Background: Microbial communities are abundant in nature and can metabolize myriad of compounds. The composition of the community together with its internal interactions can affect both the rate and the accumulation of interim and end products. Community dynamics can be viewed as dictated by a triangle of environment (secreted/other resources), community (metabolic-conversions repertoire), and function (excretion of altered forms). As advance technologies increased the need for computational analysis tools, metagenomics functional analysis has become of increasing interest. Here, I demonstrate the use of two network based approaches for the functional analysis of genomic & metagenomics data. These span the analysis of a single genome through a genome-scale metabolic model (quantitative) to the analysis of the functional potential of complex communities using metabolic networks approaches integrated with the novel application of ecological concepts (qualitative). The application of the qualitative approach was used to study the intricate associations of the complex rhizosphere and soil communities. Niche-specific metabolic-networks for metagenomics-based gene-catalogues derived from root and respective soil samples were constructed and assigned network-edges (metabolic-functions) with taxonomic annotations. Simulations of activity following removal or addition of enzymes specifically associated with distinct taxonomic groups allowed the prediction of species-specific positioning within the community food-web as well as predict potential metabolic exchanges leading to the co-production of complementary metabolites. The quantitative approach was presented as an Arthrobacer aurescens TC1 genome-scale metabolic model reconstruction as a predictive simulator for atrazine degradation optimization. 

Results: Using the metabolic networks approach, simulations of the removal of dominant key taxonomic groups resulted in group-specific and niche-dependent effects and differs between root and soil. Root-specific effects linked the utilization of specific plant exudates (e.g., flavonoids, organic acids) with specific taxonomic groups, pointing at the impact of each such compound as a determinant of the microbial community structure. Profiles of complementary metabolites suggest possible metabolic role behind observed co-occurrence patterns of bacterial combinations, for example through the production of nutrients that are in high demand in a specific niche. When considering the quantitative   approach, following the construction and curation of a genome scale metabolic model for Arthrobacer aurescens TC1, Constraint Based Simulations lead to prediction of growth yields on several carbon and nitrogen sources, focusing on atrazine and its interim degradation products. Further simulations, designed to test complementation between atrazine and a wide spectrum of metabolites have shown a positive effect on both atrazine degradation and biomass yield for the addition of glucose or riboflavin. Predictions for the effect of several media on growth and degradation rate were tested and validated in vitro.

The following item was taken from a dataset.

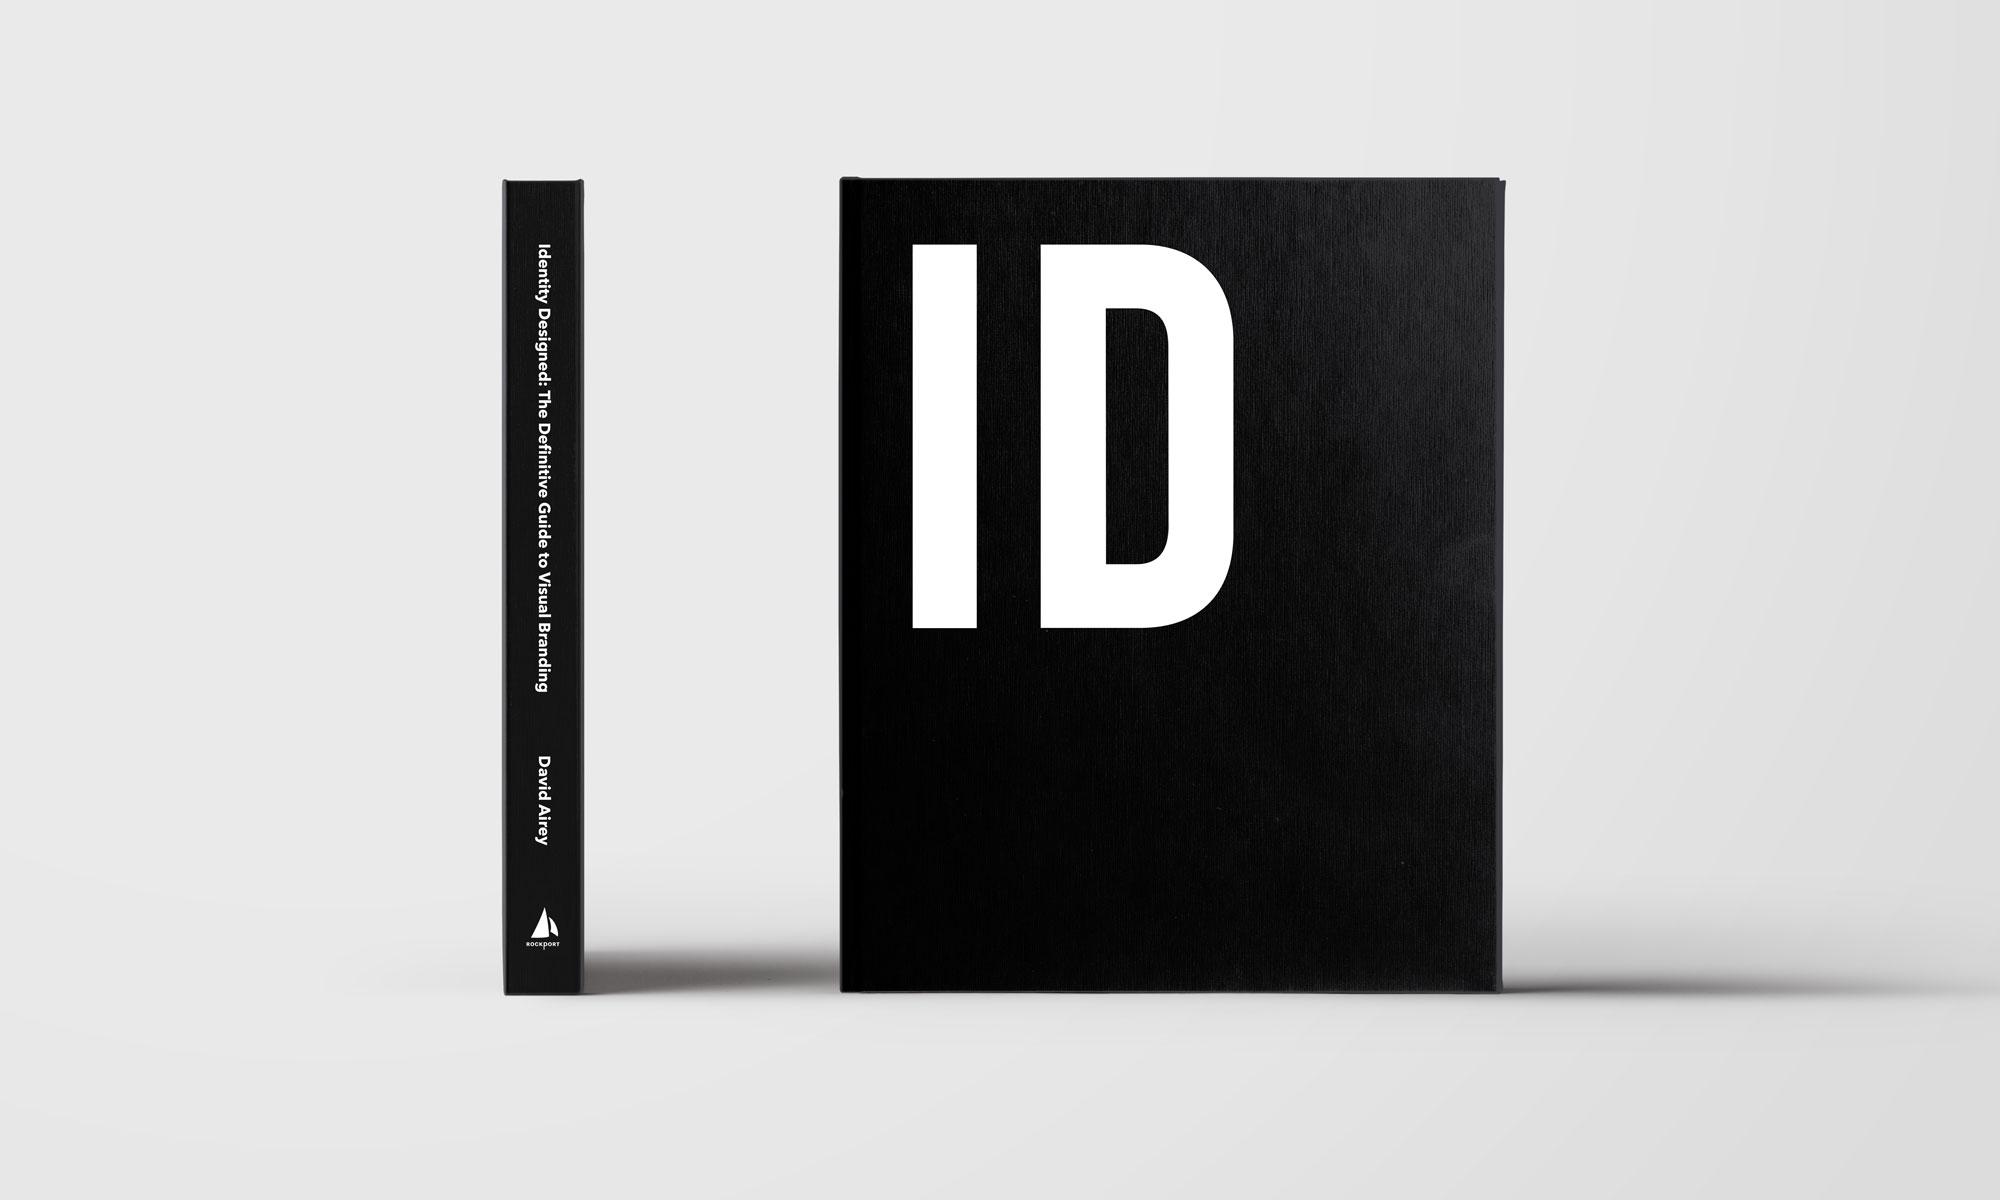 hardcover-mockup-01.jpg

Conclusions: Considering the volume of data produced in metagenomics studies, the developed approaches contribute to the current efforts for developing new conceptual approaches for the functional analyses of metagenomics. These allow the analysis of a wide spectrum of data complexity, from a single genome to a complex community. These integrated approaches produce testable predictions for process optimization or the initial investigation of species contribution to community function, function significance and structural shifts in complex bacterial communities.